Half of the shipping containers on the deck are gone, now floating in the bay. The front half of the ship is already mostly under water. The top of the ship is roiling in a ball of flames.
“You’re okay,” my father says to me, and somehow, despite the fact he’s holding a rope attached to a helicopter while his daughter hangs off him, he sounds too calm and collected, like this is something he does all the time. “You’re okay.”
Twenty-One
It’s late morning by the time we arrive back to the condo. We’re in a military car, a sedan, something my father drove off the base. We headed down the highway, my father driving, me in the passenger seat, neither one of us speaking.
We haven’t talked much in the past couple hours.
An Army nurse patched me up—checked me over for cuts and scraps and the whole deal—and then I was debriefed. At least, that’s what somebody called it—debriefing—where I told what had happened a couple times and then looked at some pictures and confirmed Veronika and Grigory from those pictures.

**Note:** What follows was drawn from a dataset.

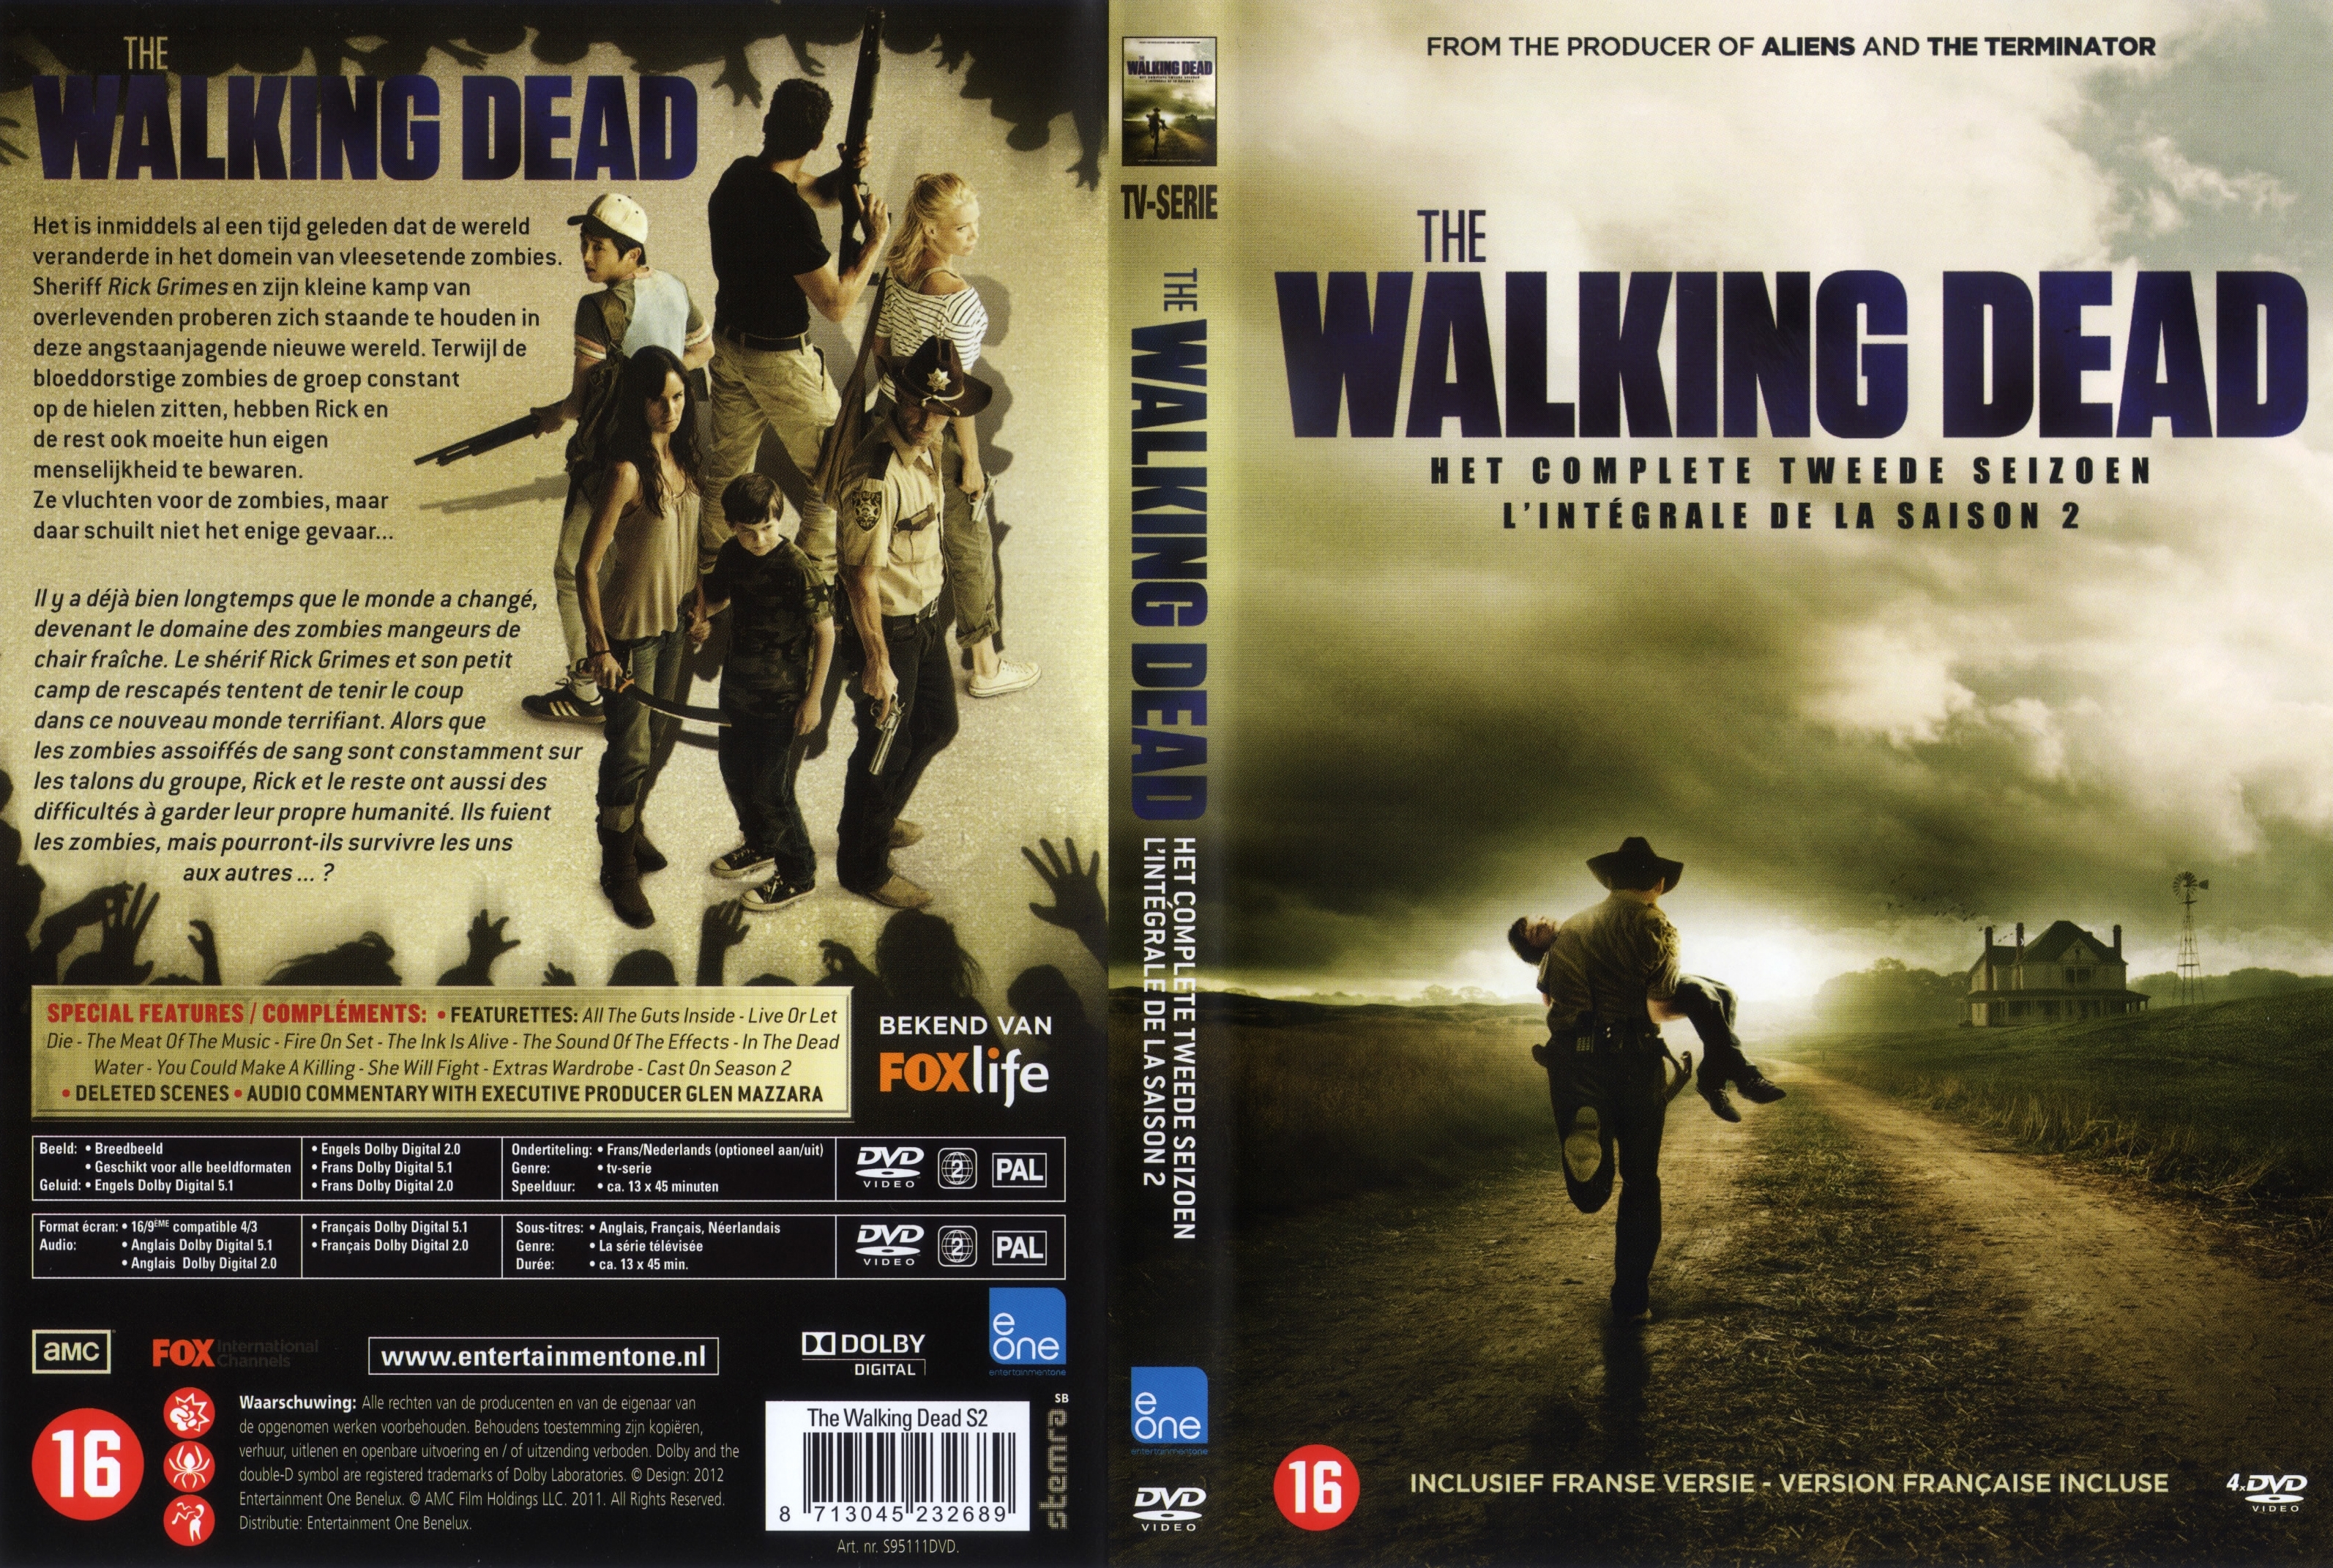 Jaquette DVD The Walking Dead Saison 2 COFFRET v2

Then finally my dad said it was time to go and so we left.
Parking in one of the empty spots in front of the condo, my father shuts off the car and then just sits there.
I sit there, too.
The engine ticks.
Finally my father says, “So. We’re not going to tell your mother about what happened, are we?”
I take it as a question, but maybe it’s not. Maybe my father is telling me that we’re not going to tell my mother about what happened. Which, frankly, is fine with me. The less I have to relive the past twelve hours, the better.
When I don’t answer, my father says, “Holly?”
I blink. Look at him. He’s my father but somehow he’s not. He’s like a familiar stranger whose name I remember but that’s it.
“I’m sorry about what happened to you. I”—he pauses, takes a breath—“I never wanted you or your sister to ever become collateral damage in my work.”
“Your work,” I murmur. Then, louder: “Your work. Just what the hell do you do?”